Helping families evaluate parental living and care options in the transition from independent living
Understand the options
Independent living is the perfect option for seniors who are confident in their ability to live alone safely, but don't want to worry about things like home maintenance, housekeeping or cooking. Seniors who chose independent living also feel more confident knowing that help is there if they need it and enjoy the amenities and activities available in their retirement community.
Home care and home support options enable seniors to get the help they need at home. Services range from publicly subsidized care, which is delivered through the person's health authority, to customized private-pay options, which can include medical care, transportation, companionship, and home making.
Assisted living homes are for seniors who can still live independently and make decisions for themselves but require additional support due to physical or health challenges. Assisted living services provide housing, hospitality services (like meals and homemaking), and personal care services.
Long-term care homes are an option for seniors who need 24-hour professional support and care because of their physical needs, or because they have advanced Alzheimer's disease or another dementia. For many seniors, this is the best option when the person can no longer be cared for in their own home or in an assisted living home.
BC Seniors Guide 2022
“In B.C., we want to help our growing number of seniors live independently in their own homes for as long as possible, to promote a healthy active lifestyle, and provide the best possible care and support when and where people need it. Making sure information and resources about services are readily available for seniors, their families, and caregivers is important to help them make informed decisions about their health. The BC Seniors’ Guide is a comprehensive tool that can help British Columbians with the information they need as they age. It includes information on provincial and federal programs, with sections on benefits, health, lifestyle, housing, transportation, finances, safety and security and other important services. It is available in English, French, Punjabi, Chinese, Korean, Vietnamese and Farsi. "

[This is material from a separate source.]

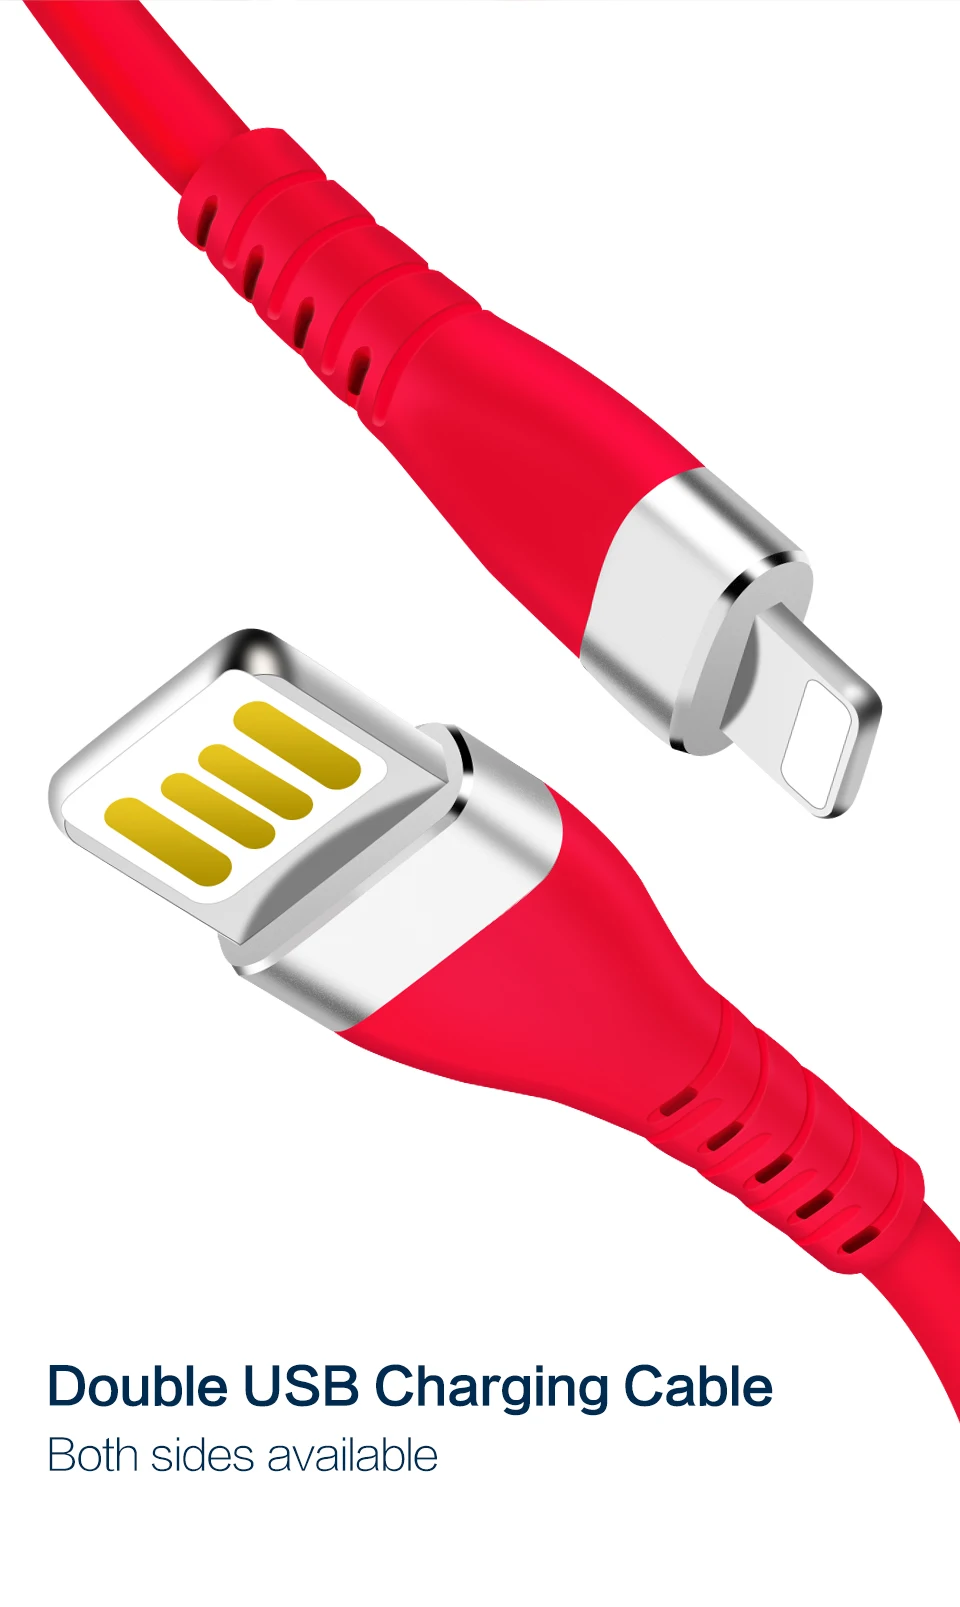 Power4 двухсторонние USB кабели для Lightning Кабель USB зарядное устройство для iPhone x/xr/xs/7/5/4S mfi i телефонный кабель для зарядного устройства для Apple

Government of British Columbia
People who need assistance on a daily basis may consider moving into an assisted living residence or a licensed community care facility. Both types of accommodation are regulated under the Community Care and Assisted Living Act; however, there are some key differences between them.
Assisted living residences and licensed residential care facilities both provide housing and services. The key differences include:
The number and level of services provided on a daily basis
The number of staff to assist people
Whether a person is able to make decisions on their own behalf
Whether a person can evacuate safely and independently in an emergency
Subsidized care options
In B.C., care and support are available from both publicly subsidized and private pay providers for people having difficulty coping with activities of daily living because of health-related problems or a life-threatening illness.Learn More Here
Access to home and community care services in British Columbia is coordinated through the health authorities. Needs assessments are conducted to determine eligibility and appropriate care placement.
Licensed nursing professionals provide services to those who require acute, chronic, palliative or rehabilitative support. Typically, these are short-term supportive services that may be provided in either the home or another setting, including assisted living facilities.
Similar to community nursing, these services are provided by licensed physical or occupational therapists and are typically intended for short-term rehabilitation.
These programs offer care, and social and recreational activities to seniors who may need additional support during the day away from their homes, and also serve as respite for caregivers.
Provided by community health workers, these services represent a range of supportive care with the intention of ensuring that an individual is able to remain in his or her home. Care typically includes assistance with ADLs, such as bathing and nutrition. Home support services are only available for 24-hour care on a short-term basis.
Assisted living facilities provide services for individuals who are still independent but who require additional support and for whom remaining in their previous environment represents considerable risk. Residents live in a private unit with a lockable door within a supportive environment. Assisted living services provide housing, hospitality services and personal care services for adults who can live independently and make decisions on their own behalf but require a supportive environment due to physical and functional health challenges.
Residential care incorporates facility-based care for individuals who require 24-hour professional care. Services may be offered short term — as is the case with convalescent, caregiver respite or palliative care — or long term. Long-term care is intended for those with complex care needs who are no longer eligible for home care and assisted living services. Individuals in residential care may also have severe ongoing behavioral issues, moderate to severe cognitive impairment, a high level of physical dependence, and/or a high level of clinical complexity with needs that require professional nursing care, monitoring or specialized care.